SINGAPORE, Feb 6 (Reuters) - Treasuries headed for their best week since November on Friday, as soft jobs figures and a meltdown in equity markets drove a flight to safety and ramped up bets on U.S. interest rate cuts.
Investors are selling anything they think is at risk of being replaced by artificial intelligence, wiping $1 trillion off the value of U.S. software stocks in a week.
Markets took a jump in layoffs and lacklustre hiring in overnight data as a warning AI was coming for the job market.
Benchmark 10-year yields US10YT=RR fell almost seven basis points in New York and dropped further in Tokyo trade, before steadying around 4.19%, down about five bps on the week.
The two-year yield US2YT=RR, which typically reflects near-term rate expectations, slid to a four-month low of 3.4260% on Friday, for a 15 bp drop in two weeks.
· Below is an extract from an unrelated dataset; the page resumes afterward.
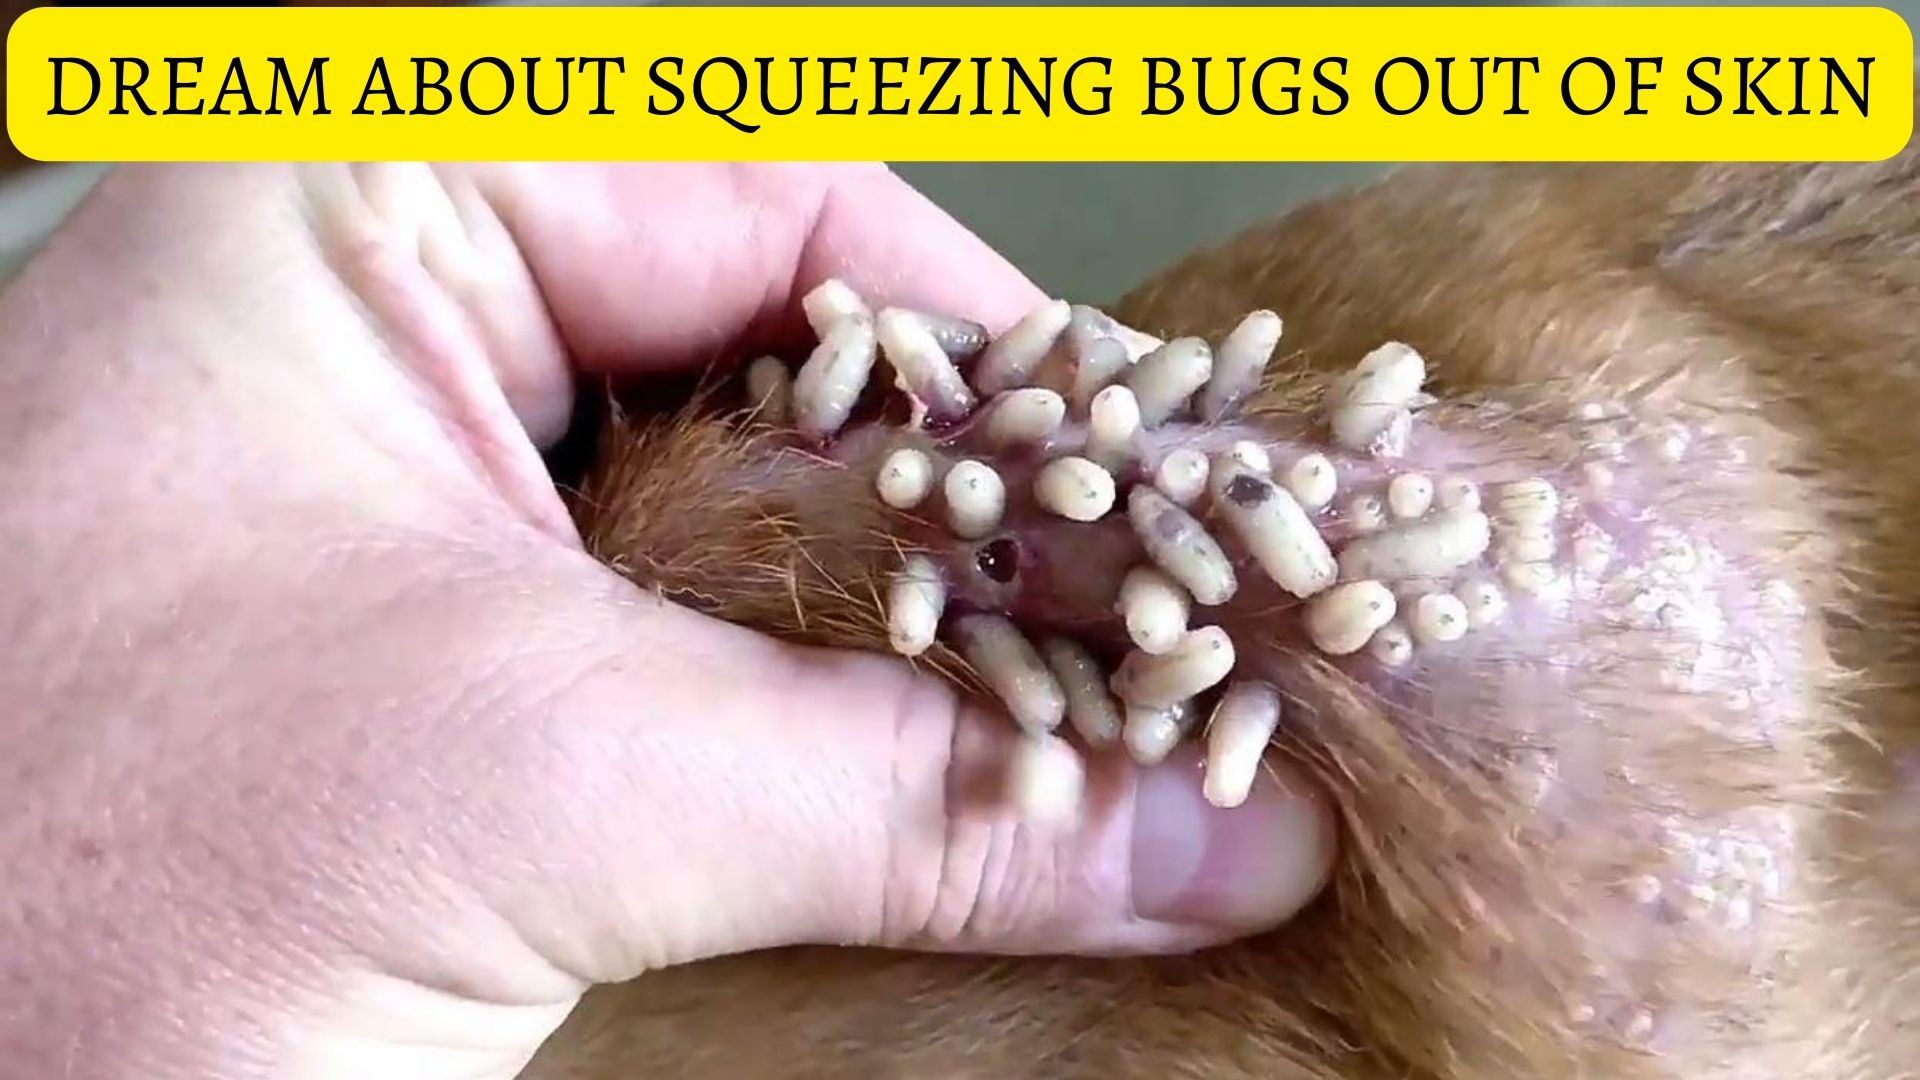 Dream About Squeezing Bugs Out Of Skin - Denotes Vitality, Strength, And Energy

Expectations for a rate cut in June are running at 80%, up from less than 60% a day ago, according to CME's FedWatch tool.
"I would say there is a plethora of half-decent evidence that a lot of the hiring slowdown has been in industries that feel threatened by AI," said Andrew Lilley, chief rates strategist at Barrenjoey, Sydney.
"We've seen a little wobbliness in the last 48 hours in the U.S. Treasury market as a consequence, because there's a chance that the U.S. might restart a rate-cutting cycle."
Focus is on next week's delayed January nonfarm payrolls data, for a broader read on the job market.
"AI is impacting entry-level college graduates... So unemployment rates are just going up because the first job you can cannibalise is entry-level, and then it goes up... there is that underlying fear that it could be more than people expect," said Prashant Bhayani, chief investment officer for Asia at BNP Paribas Wealth Management.